• _Task directions_
Could you copy word for word only the lines between the one containing "Zin Display Condensed Light Italic image" and the end of the listing below, both included, and leave out the pictures?

• _Data excerpt_
◆ ◆ ◆ ◆ ◆ ◆ ◆

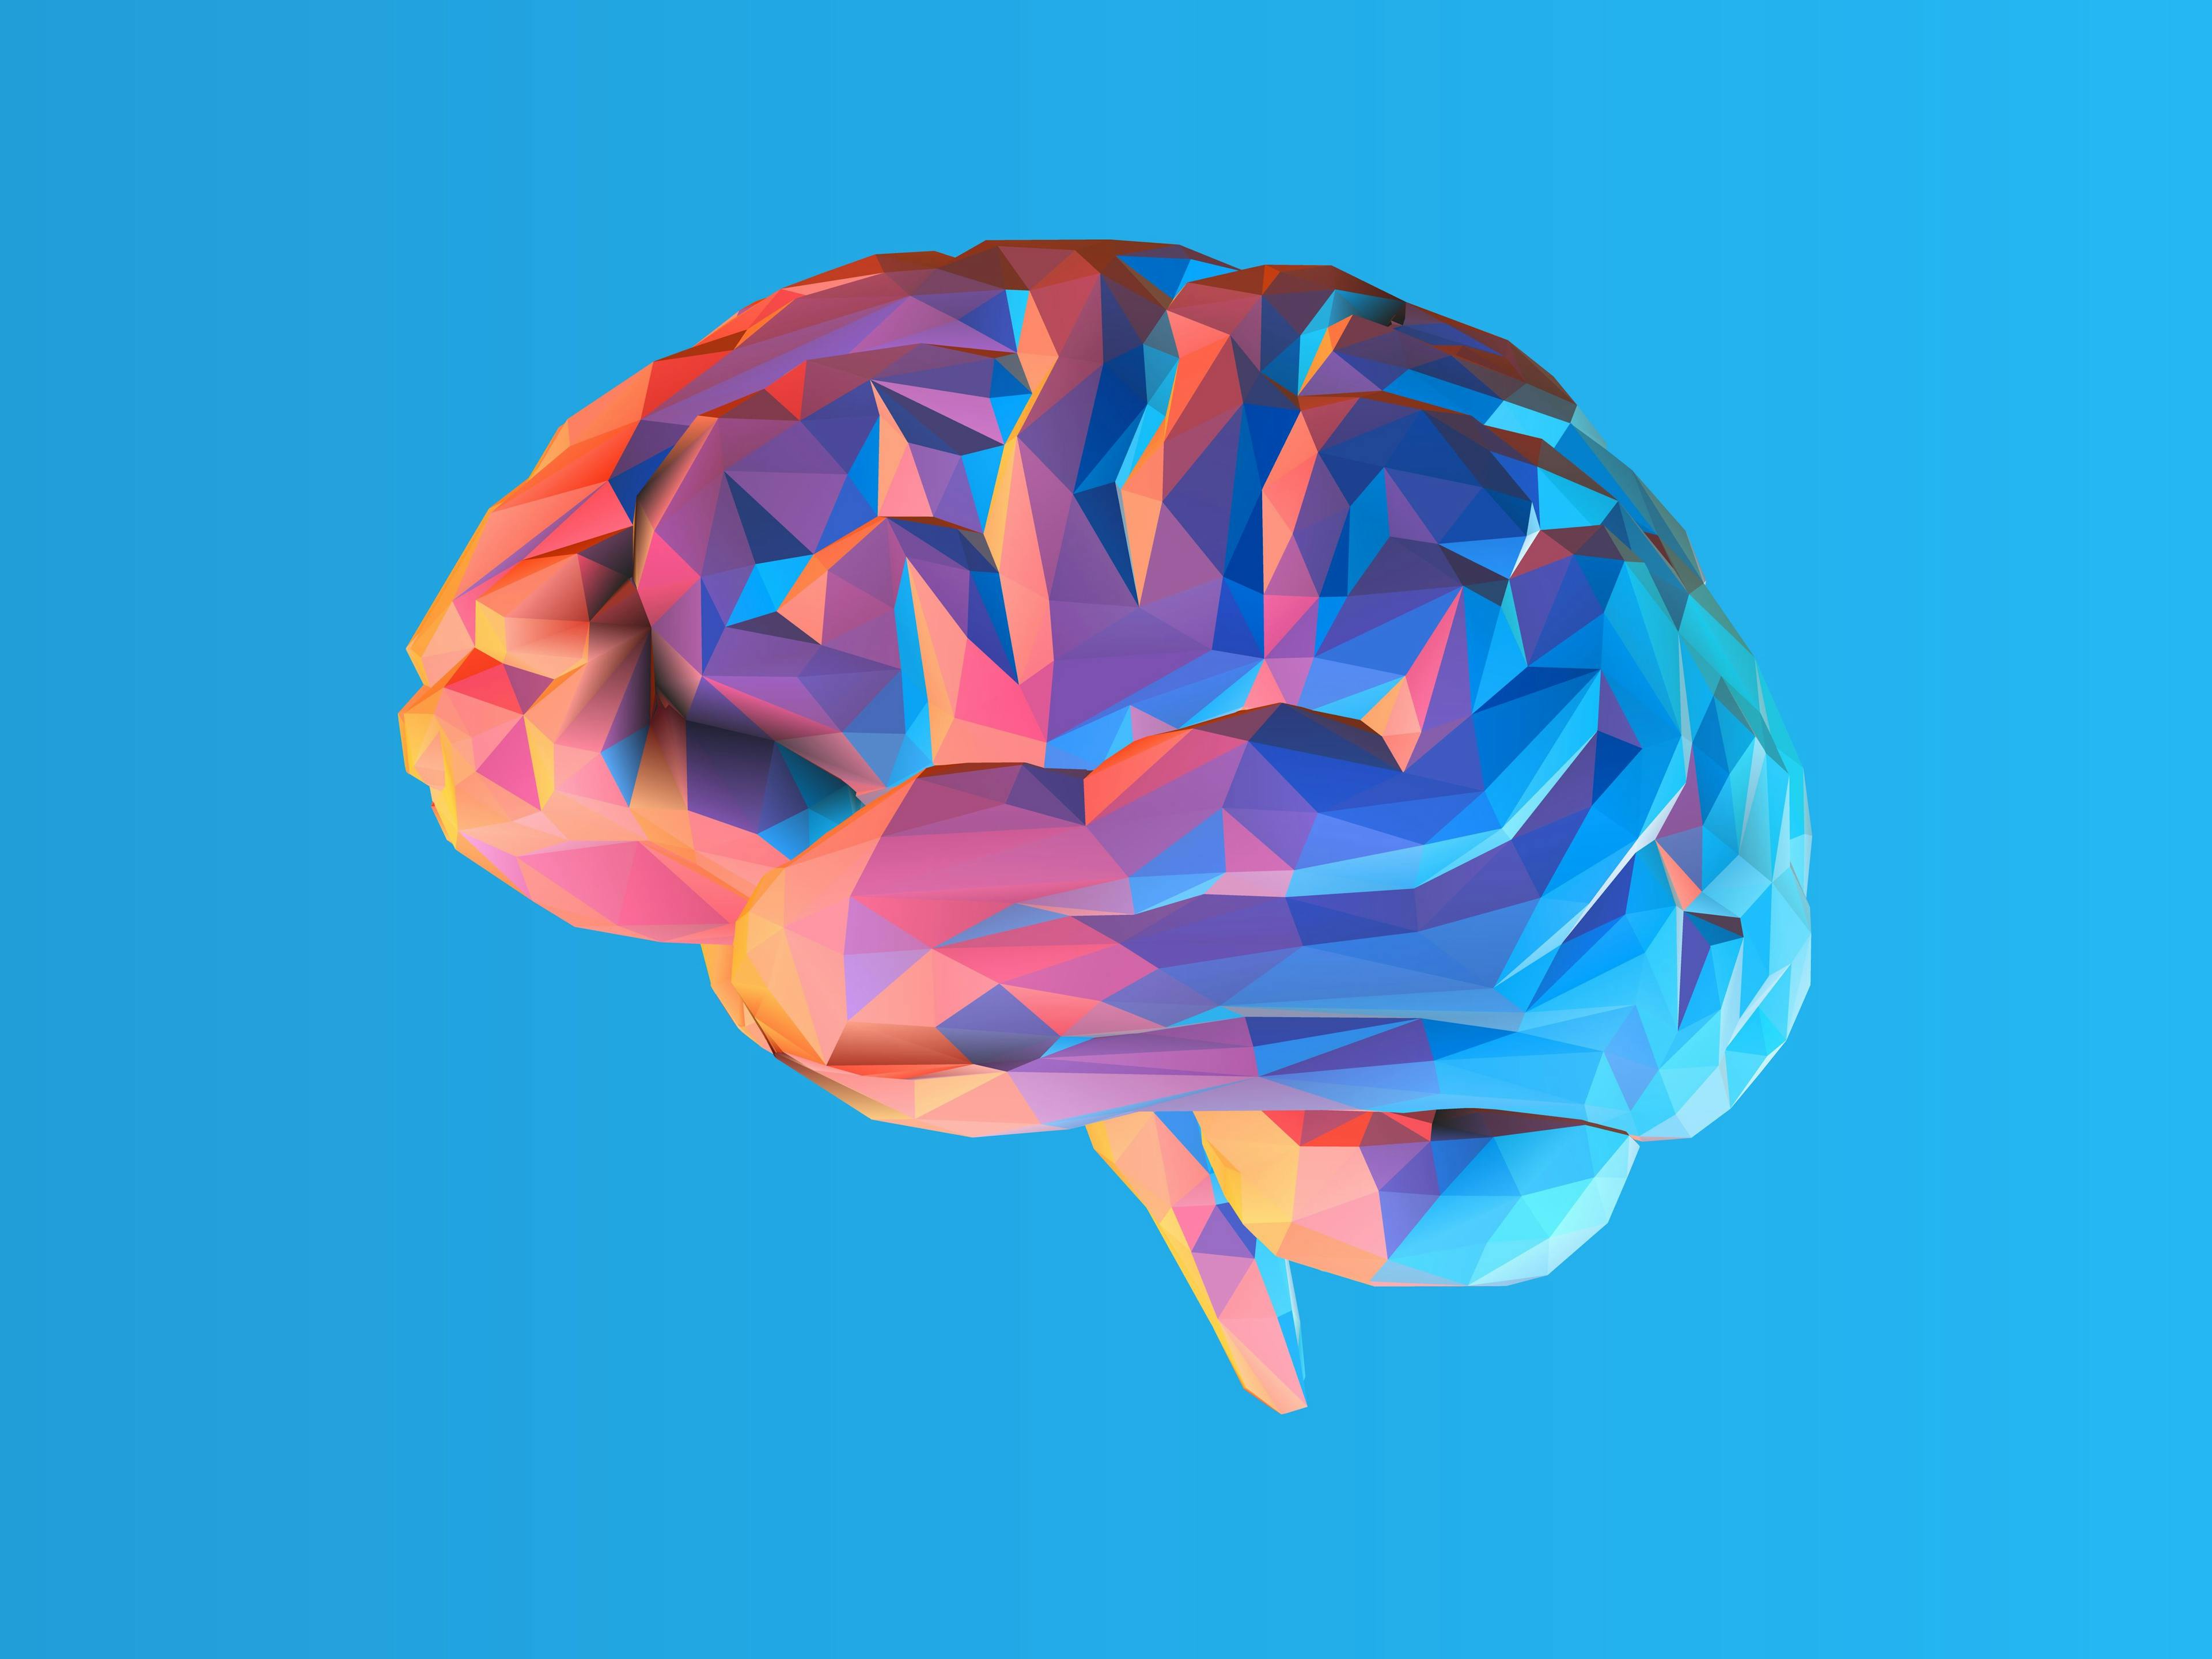 Brain illustration | Image credit: jolygon - stock.adobe.com
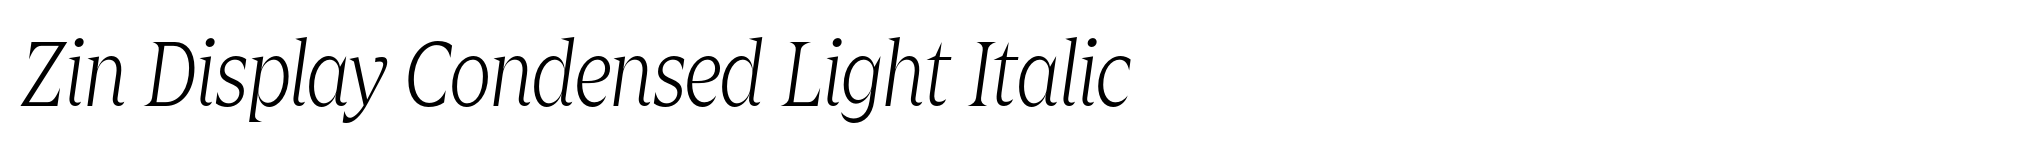 Zin Display Condensed Light Italic image
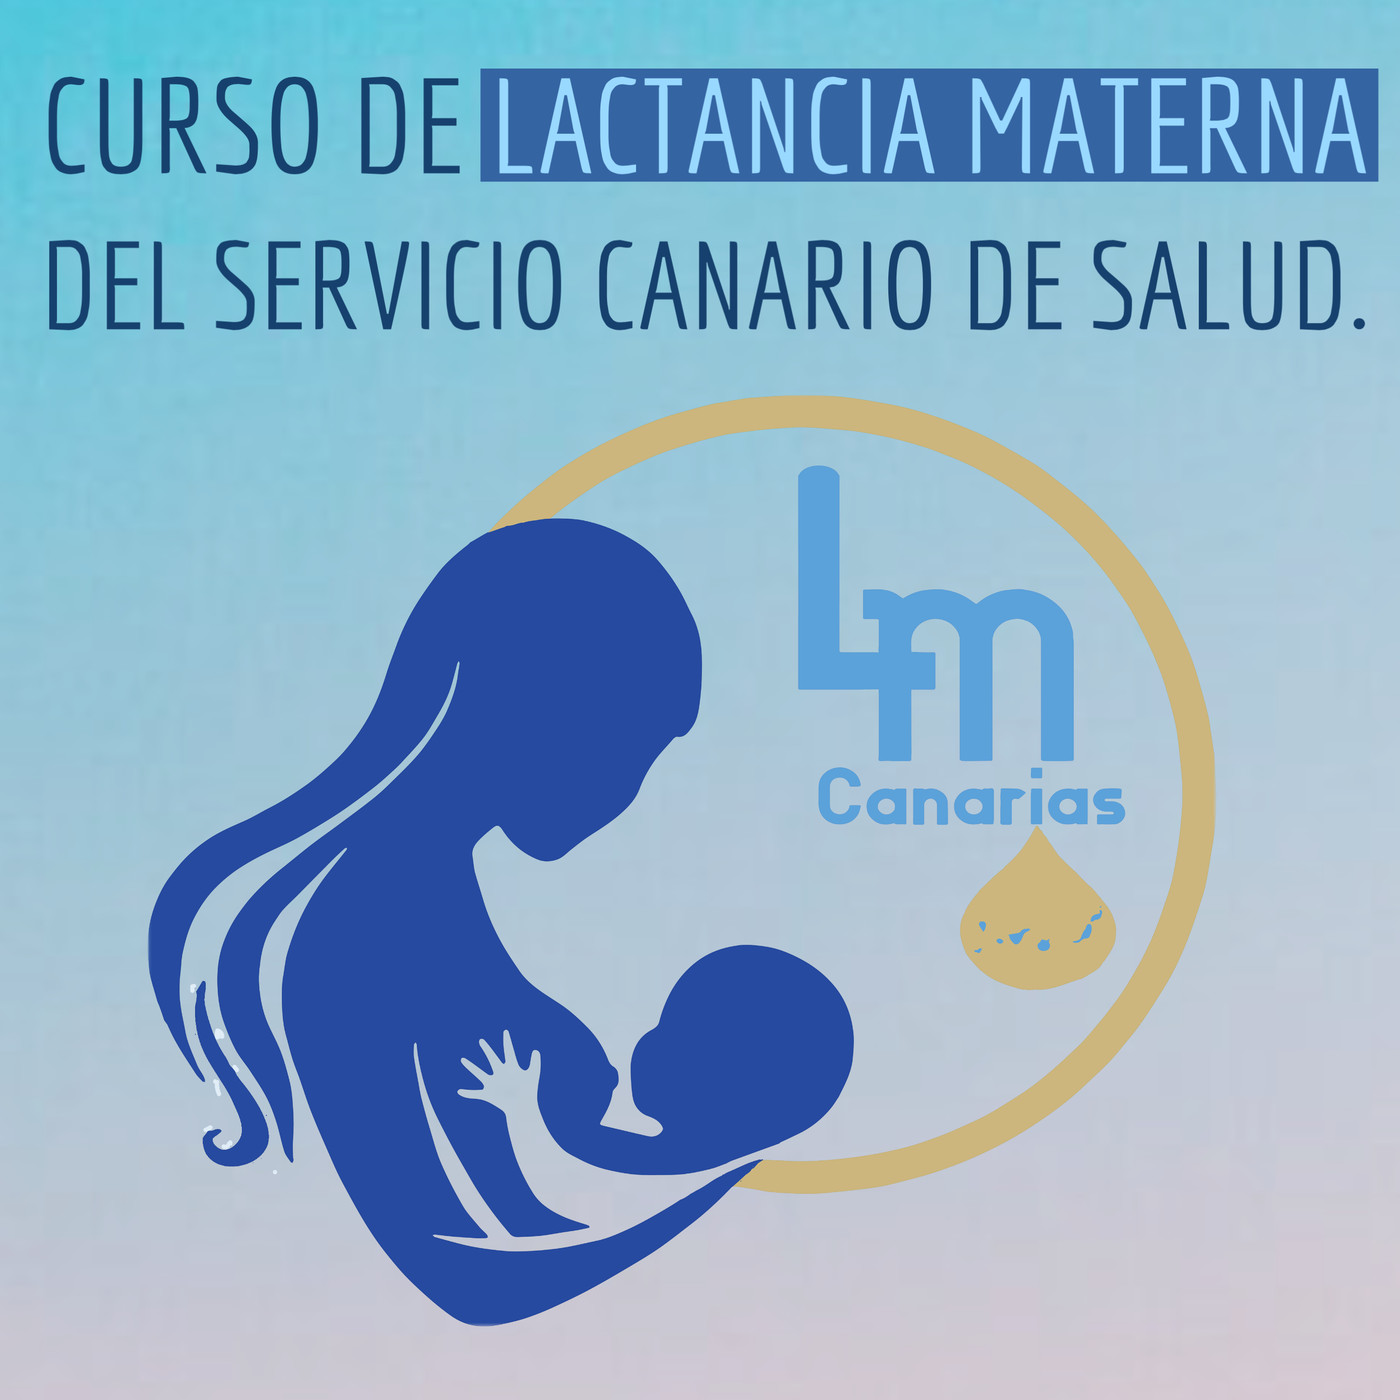 01.4.1 Fisiología de la lactancia materna.

◆ ◆ ◆ ◆ ◆ ◆ ◆

• _Solution_
 Zin Display Condensed Light Italic image
 01.4.1 Fisiología de la lactancia materna.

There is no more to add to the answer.